У Мартынова происходило заседание с участием Чернова и Азефа. Мартынов предложил мне быть с. р.-ским уполномоченным на одном из восставших кораблей. Я решительно воспротивился этому: штатскому, не имеющему никакого понятия о морском деле, распоряжаться на судне - дико, нелепо, "курам на смех". Мартынов настаивал, негодовал, взывал к партийной дисциплине и долгу. Я чувствовал, что может возникнуть подозрение в трусости, но выдержал напор, - слишком очевидна была для меня неприемлемость предложения.

В восстании я участия не принял, но вместе с Кочаровским оказался случайным свидетелем взрыва пороховых складов в Свеаборге. Мы стояли у решетки Александровского бульвара, любуясь морским пейзажем. Вдруг на горизонте стали вырастать поднимавшиеся вверх клубы черно-серого дыма.
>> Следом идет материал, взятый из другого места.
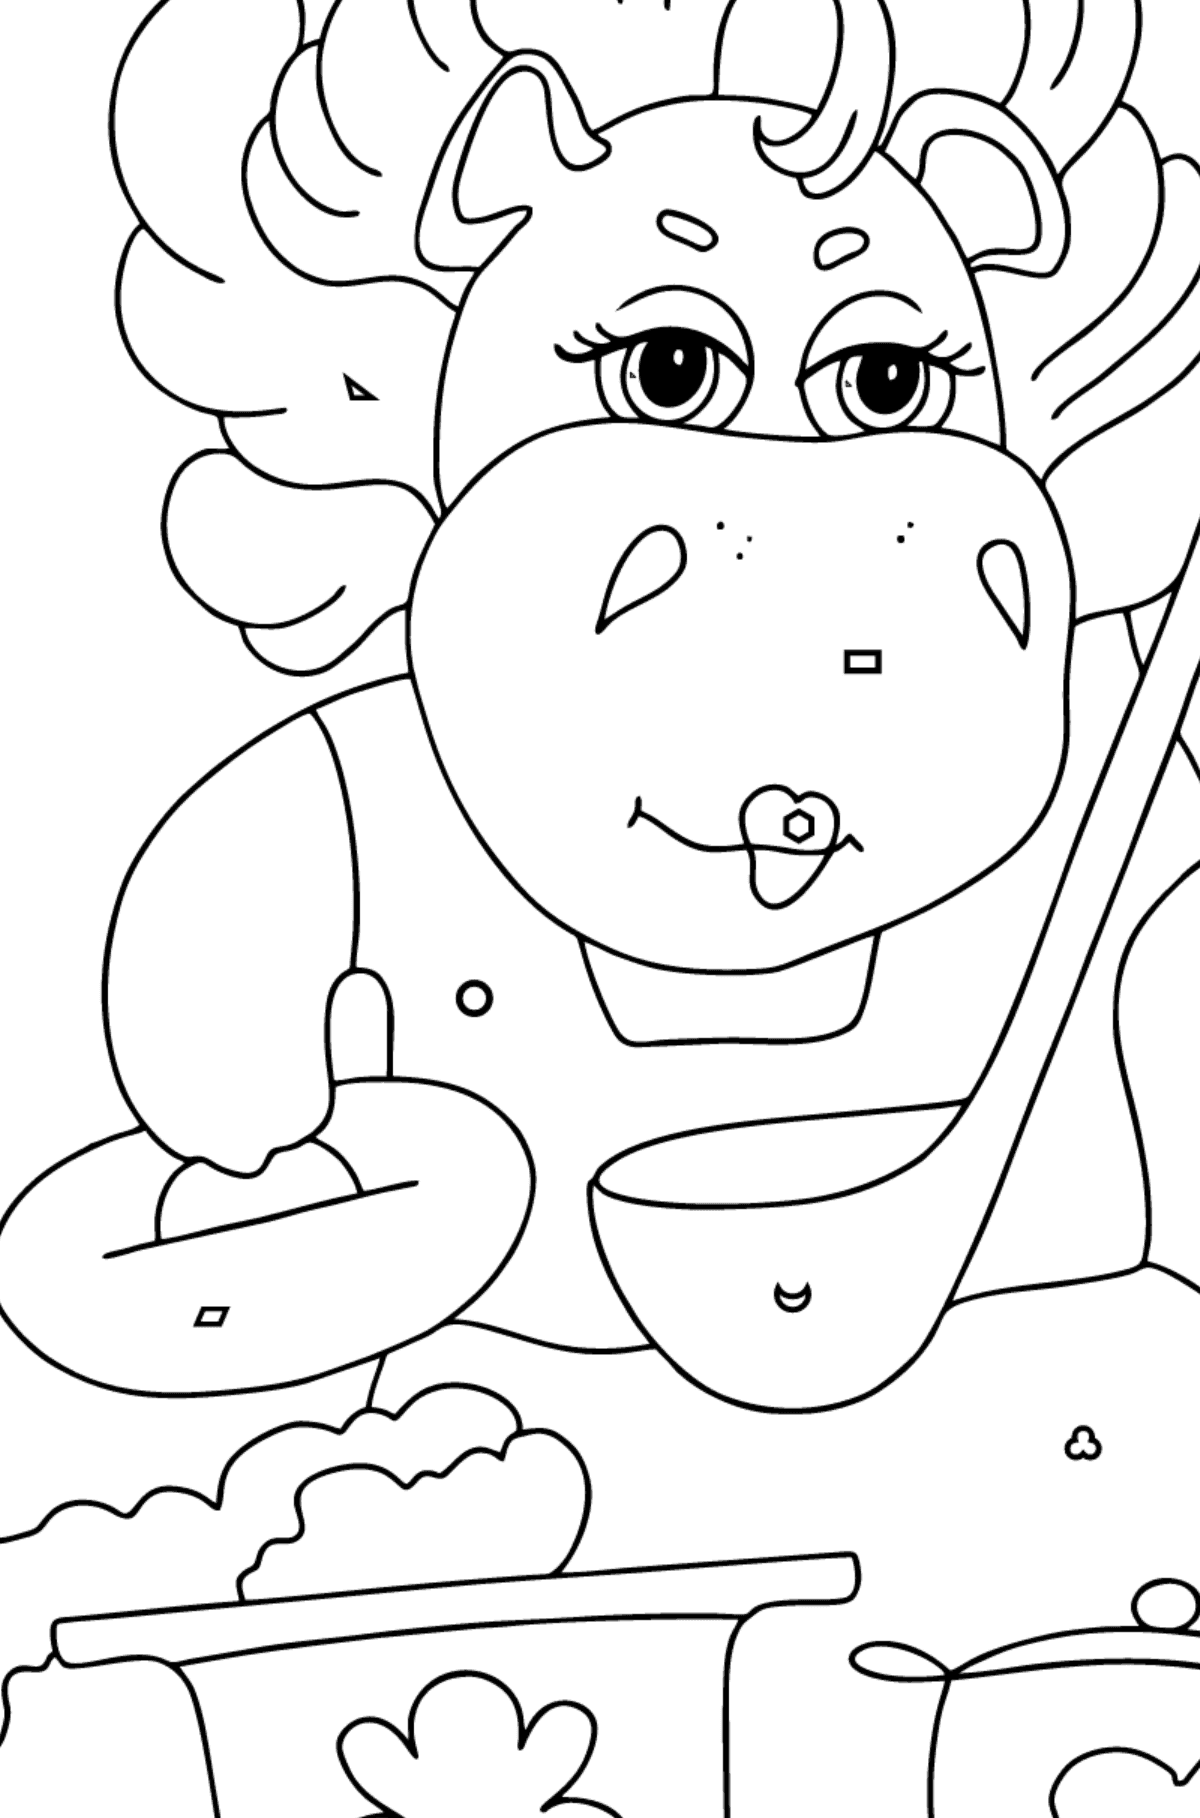 Målarbild magisk flodhäst (lätt) - Färgläggning av geometriska former För barn

Не успели мы осознать что это, как раздался оглушительный взрыв, - казалось, земля под нами сотряслась. Всё, что было на бульваре, бросилось врассыпную. Понеслись и мы, пока не опомнились: бежать бессмысленно, хотя бы потому, что поздно. Вернувшись, мы увидели, как свинцово-темные тучи и облака дыма приняли очертания исполинского гриба. Снимки с нынешних атомных взрывов точно передают зрелище взрыва пороховых складов в Свеаборге.

Восстание продолжалось очень недолго. Оно было подавлено, и мирная жизнь в Финляндии восстановилась, невзирая на происходившее по соседству, в России. Кочаровский собрал своих сотрудников, и работа наша возобновилась с одним существенным отличием. Мы уже не жили вместе в "общежитии", и коллективный характер работы отпал - сначала внешне, а потом и по существу: не было ни общего обсуждения плана, ни совместной критики. "Перипатетики" расселились кто куда, и каждый работал самостоятельно, под верховным наблюдением Кочаровского. Появились и новые сотрудники, более взрослые и более опытные. Среди них были Гиммер-Суханов и Мих. Андр. Осоргин, взявшийся за составление популярной истории русской революции в лице ее героев.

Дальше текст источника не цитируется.